In rural Staten Island, New York, it was sheltered by trees and across the street from peaceful woods.  With a grand stairway, polished hardwood floors, spacious rooms with beamed ceilings and crackling fireplaces, the house was like a mansion to me.

But when my grandparents died and the house was sold, the door to that "mansion" forever closed. The sorrow these losses etched into my heart makes me grateful for the promise of a heavenly home—beyond the reach of death or time.

"In my Father's house are many mansions" Jesus assures his disciples and all who believe (John 14:2, KJV).  "I go to prepare a place for you."

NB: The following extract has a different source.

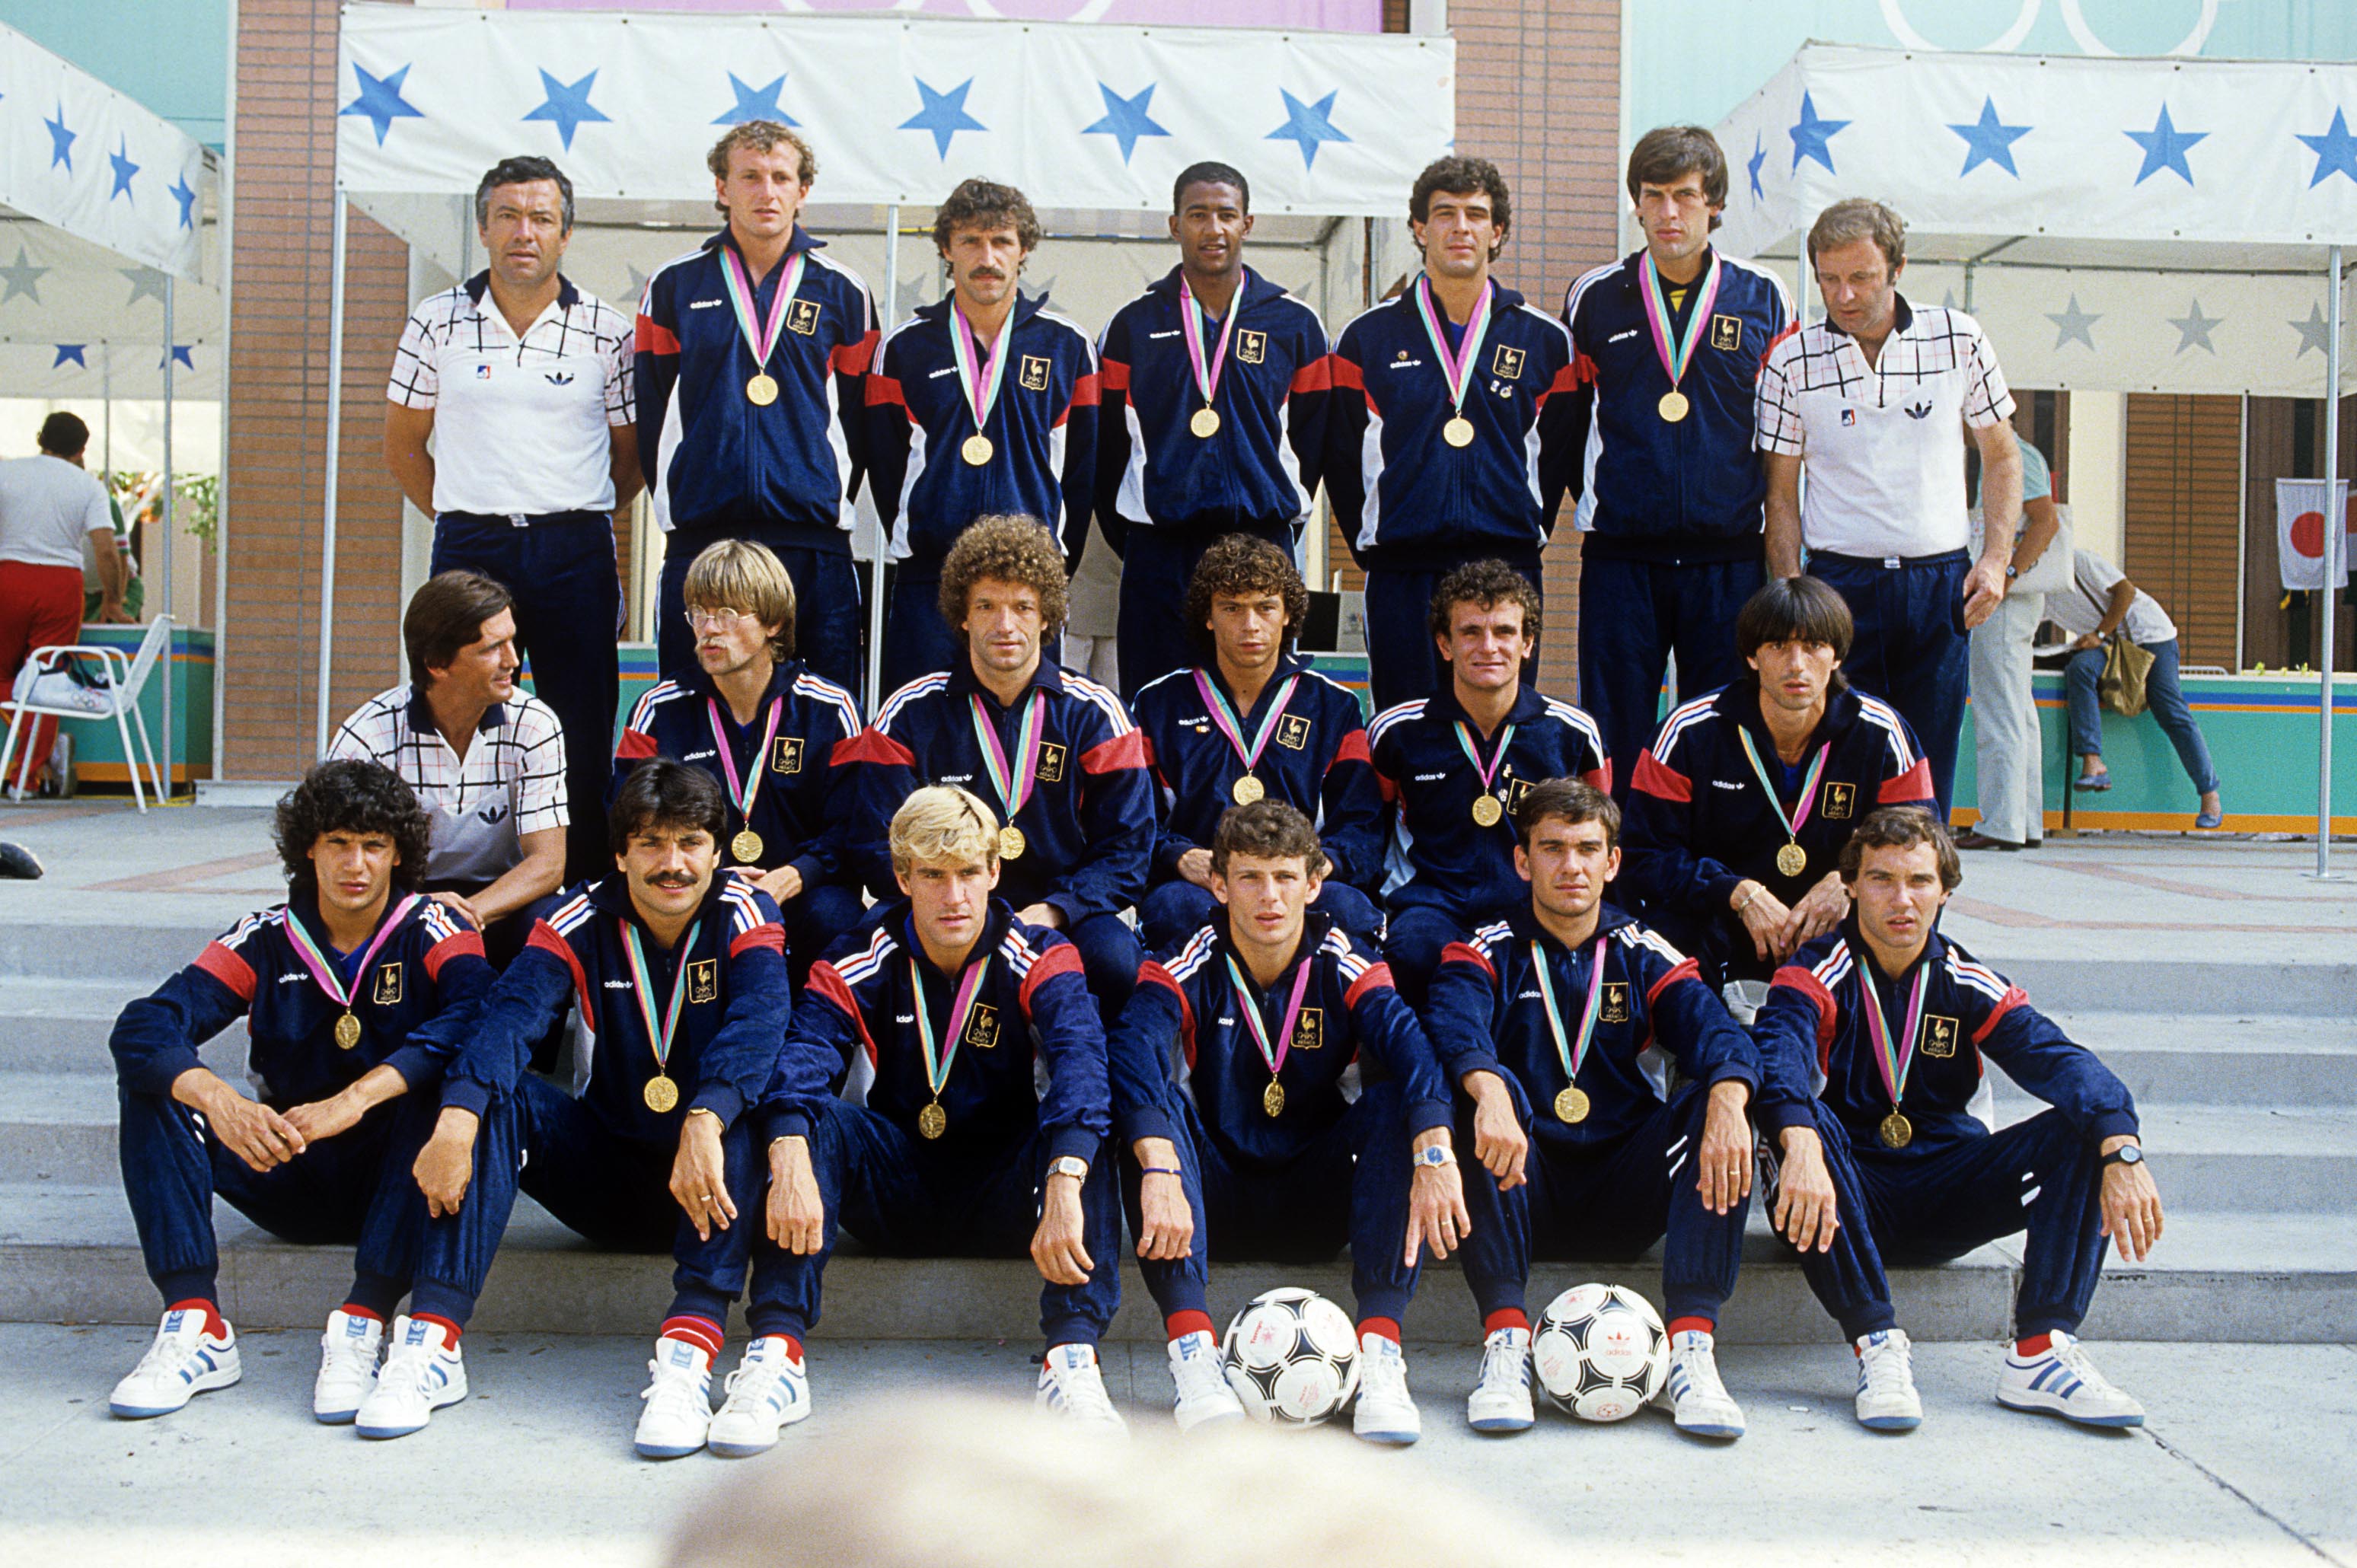 Equipe de France Olympique football Los Angeles 1984

Although my finite mind could never capture the wonders of such a place, my family photo album offers hints. My mother pointed out an old snapshot.  It showed me at two years of age, beneath the boughs of our family's majestic Christmas tree.  Just as he did every year, my grandfather had purchased the large spruce, then set it up beside our grand stairway.  Antique ornaments would shimmer while the fragrance of evergreen mingled with home-cooked food wafted through our home.  I looked overjoyed among toys that my folks had lovingly chosen. 

Only after my grandparents were departed, did I realize how blessed I was to have experienced such personalized attention.  But God lavishes His personal love on each Christian--as if there were no other.  Every one is "the apple of his eye" (Deuteronomy 32:10, NIV).  That is but one reason why I believe our mansions will be tailor made. 

"I go to prepare a place for you" (emphasis mine) Jesus reassures His own in John 14:2. Those words tell us that heaven's mansions aren't cookie-cutter sprawl.  He, who created humanity in such a beautiful tapestry of sizes, shapes and colors, has to enjoy variety.  Our Creator, who worked as a carpenter, must be preparing mansions as unique as our DNA—each according to a personalized blueprint.  Because Jesus cares about our every heartache, individual touches might involve situations and desires that earth left unfulfilled. 

What disappointments have we suffered?  What prayers have gone unanswered?  In heaven's glittering mansions, I believe we will find the fulfillment of lost dreams and desires.  We will also find earth's heartaches understood in heaven's light.

My grandparents might have spent a month preparing the Christmas gifts.  Compare this to the 2000 years Jesus has so far spent preparing our heavenly homes.  Imagine the wonderful surprises He is tenderly tucking away in heaven's mansions.  "More than all we ask or imagine" (Ephesians 3:20, NIV) awaits God's dear children.

Another picture my mother pointed out was taken in my grandparents’ dining room, during the 1940's.  Beneath the beamed ceiling and crystal chandelier, the Chippendale, "claw foot" table was spread with silver platters of sumptuous food.  The juicy roast beef, buttery vegetables and fresh bread were for a wedding reception, held in the home.  Surrounding the table, were the happy bride and groom, along with other family members.  All wore the glamorous styles of the day—women in dresses of silk, satin and velvet, men in military uniforms or tweed suits.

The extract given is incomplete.